When she said that I had to ask “so, am I taking 2 needle pricks a day?” she chuckled and said “sorry, yes you are.”

I had to ask her “do you guys lay in bed at night thinking about ways to make this process more painful for us?” (of course she knows that I’m a jokester and she knew that I was kidding). She laughed and responded “I don’t, but Missy does”. We both laughed it off and she then showed me how to mix up the menopur  (since I have never done that).

I did a little bit of research and found out that a lot of people that have done IVF have used the Follistim + Menopur combination. From what I understand the Menopur helps the follicle to create a healthier egg. I’m just hoping that it works. Pray, pray, pray.

Just one more day!

Tomorrow is a new day

We’re just one day away from our IUI treatment.

Last night I gave myself the trigger shot. Man oh man did I forget how that felt like. With the Follistim shot is a little different, with the Follistim we use a pen like syringe, it’s very easy.

With the trigger shot it’s not like that at all. I’m not 100% sure but I think that the needle is a little longer and more wobbly. The moment I inserted it, I guess it didn’t go all the way in (at once that is) and I had to push in the rest…….needless to say it hurt like a mofo.

The liquid itself stings a little too. I was waiting for some kind of side effects from the meds before I went to bed. I think that I used to have some hot flashes kind of side effects but to tell u the truth I was so tired that I crashed in bed and I don’t remember much.

This morning was a different story. My sweet hubby asked me “how are your ovaries doing?” I chuckled a little and I had to pause and think about how they felt. It was really early in the morning and I wasn’t all there just yet.  I knew I could “feel” them but it wasn’t anything really.

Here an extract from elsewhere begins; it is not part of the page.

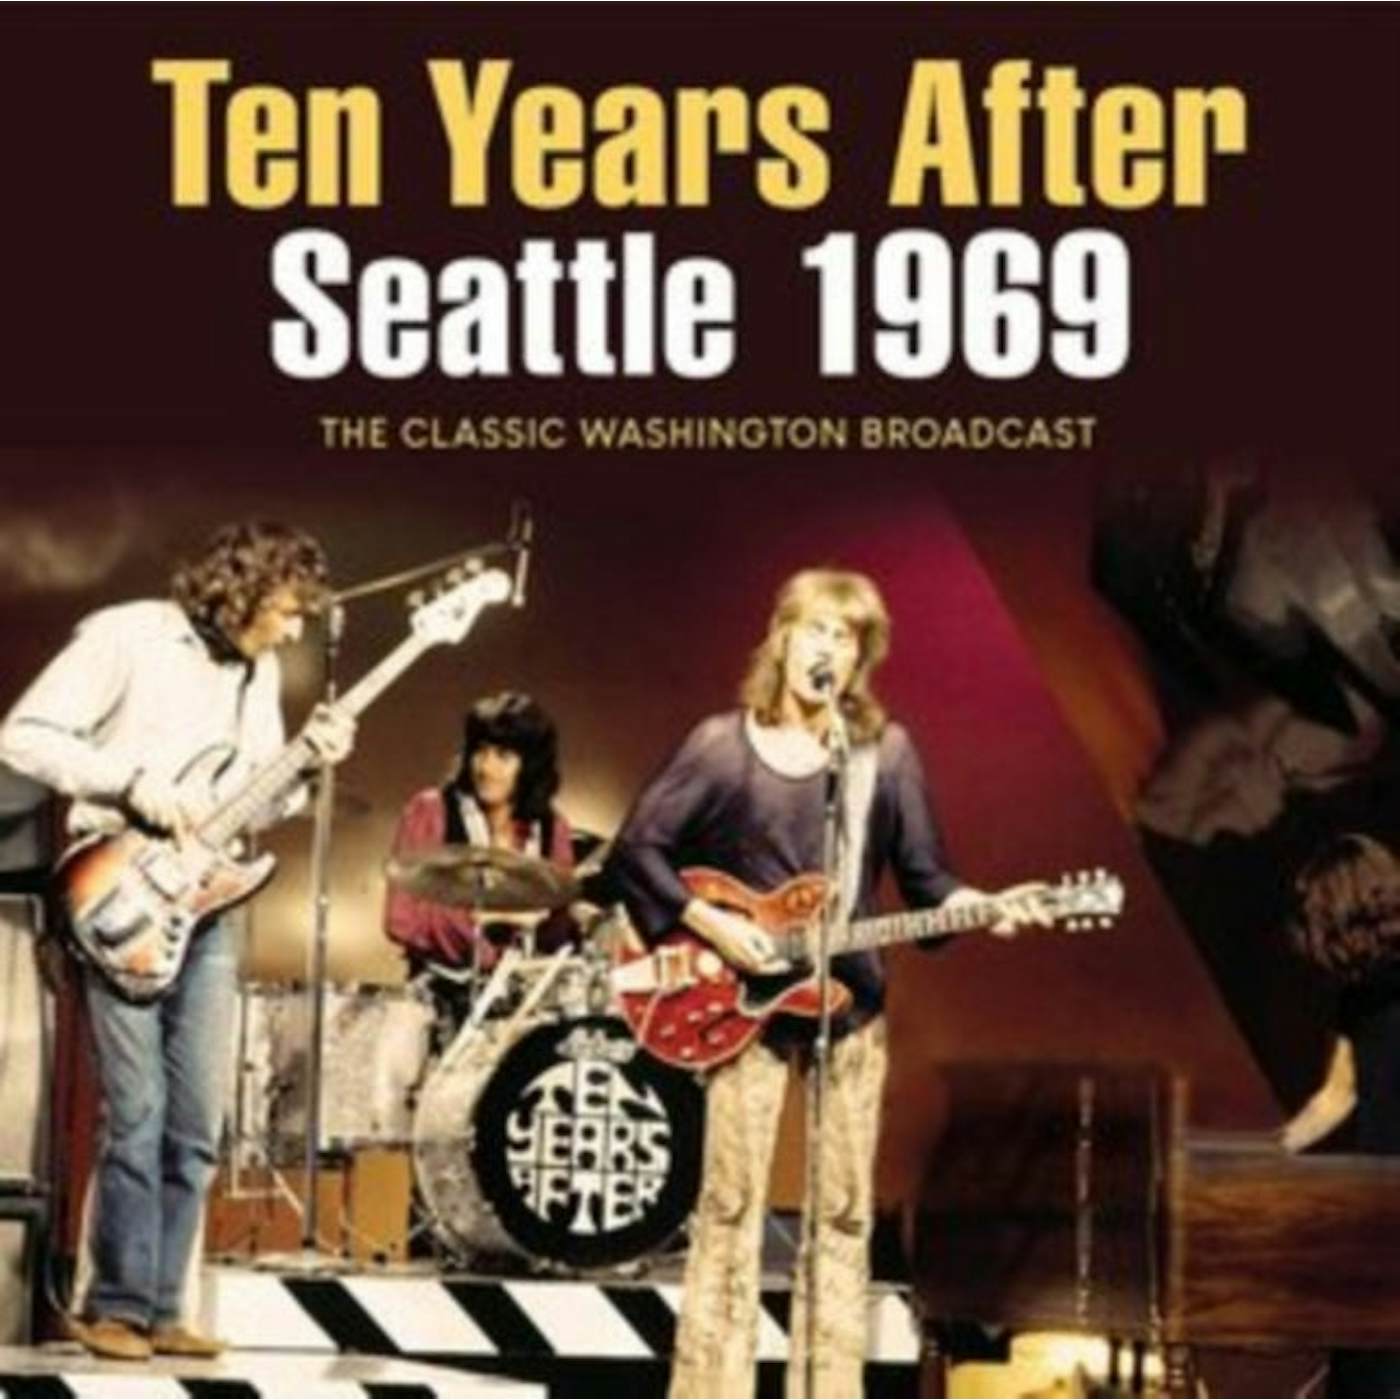 Ten Years After CD - Seattle 1969

Well, I take that back now. I can totally feel them now. It’s almost like a “cramp” but not really. It’s strange……I just hope that this means something good.

Still with all that we’re still going to have to wait and see how tomorrow’s numbers are. I mean for the after wash care of the sperm.

We’re praying that they’re good numbers and that with 3 follicles, a lining of 14 and good sperm numbers that our chances will be great.

I’ll update once we’re home after our procedure.

We’re still accepting prayers until our two week wait is all over.